Esta técnica es especialmente útil si sigues algunos trucos de iluminación natural para mejorar tus fotos de marca personal, porque al final, el producto es una extensión de ti. En Cuenca, a mediados de marzo, tuvimos unos días grises donde la luz era perfecta, suave y constante. Apliqué lo aprendido en el módulo de luz natural para fotografiar unas etiquetas nuevas y, por primera vez, no tuve que pasar horas corrigiendo el color en la computadora. La foto salió bien desde la cámara porque aprendí a leer la dirección de la luz, no a comprarla.
Cómo saber si el curso está funcionando
La verdadera prueba no es terminar los 6 módulos y recibir el certificado. La prueba real llegó una tarde de entrega de packaging a mediados de este invierno. Mi clienta, que vende jabones artesanales, me pidió que le hiciera unas fotos rápidas para su Instagram. Antes, me hubiera muerto de miedo y hubiera disparado en automático, rezando para que salieran enfocadas. Esta vez, moví la mesa cerca de la ventana, puse una cartulina blanca para rebotar la luz en las sombras (como si estuviera definiendo el borde de una ilustración) y configuré la Fuji con confianza.
Cuando vio las fotos en la pantalla de la cámara, se quedó callada un segundo y me preguntó si había comprado luces nuevas. No, solo había comprado conocimiento. Esa es la diferencia entre un curso que te llena de teoría y uno que te da herramientas para el día a día. No vendo fotos, y sigo pensando que la palabra "fotógrafa" me queda grande, pero mis decisiones ahora tienen intención. Ya no es suerte, es técnica aplicada a mi realidad cuencana.

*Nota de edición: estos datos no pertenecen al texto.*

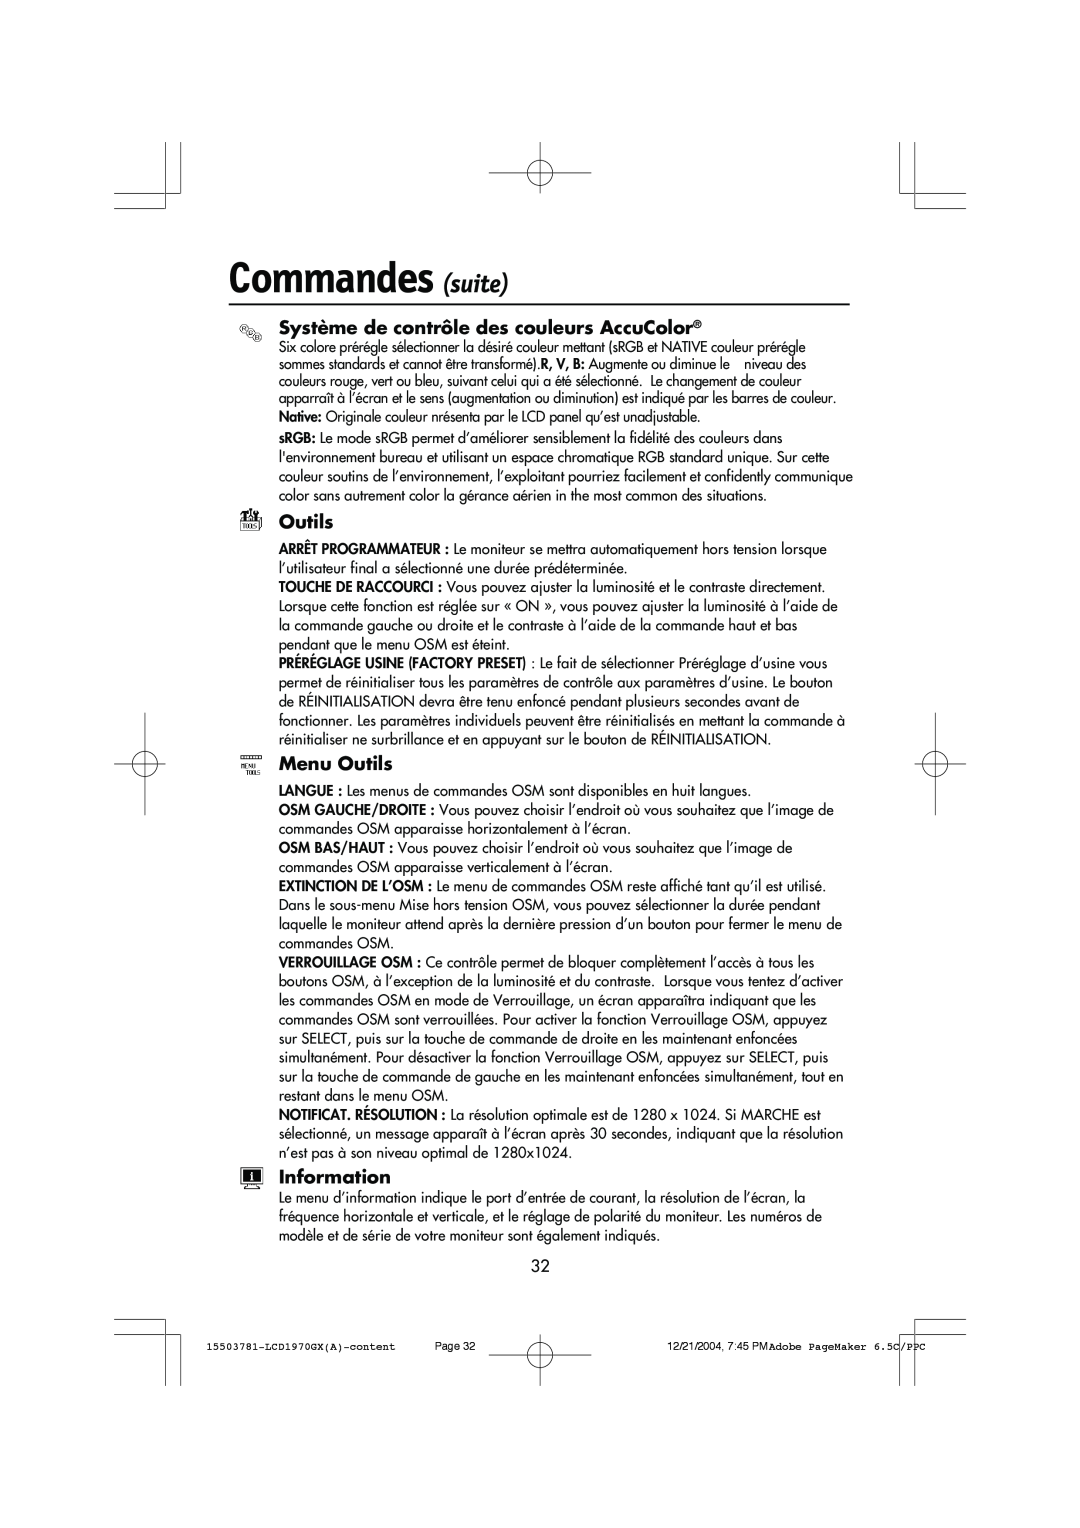 NEC LCD1970GX user manual Commandes suite, Système de contrôle des couleurs AccuColor, Menu Outils, Information

Reflexiones finales de una aficionada con té de cedrón
Si estás ahí, con tu cámara guardada en el cajón porque te parece un mundo demasiado complejo, mi consejo es que busques un curso que te haga sentir que puedes empezar mañana mismo. No busques la perfección técnica, busca la capacidad de comunicar lo que tu producto es. Al final del día, lo que queremos es que esa persona que ve la foto en el celular sienta que casi puede oler el jabón o tocar la textura del cartón que diseñaste.
Aprender fotografía de producto ha sido como aprender a usar una nueva técnica de acuarela. Al principio manchas todo y no entiendes por qué los colores se mezclan mal, pero luego, un domingo cualquiera, algo hace clic. Te sirves tu té de cedrón, prendes la computadora, abres tu curso y te das cuenta de que esa luz que entra por tu ventana es todo lo que necesitas para que tu trabajo brille. Solo hace falta alguien que te enseñe a verla.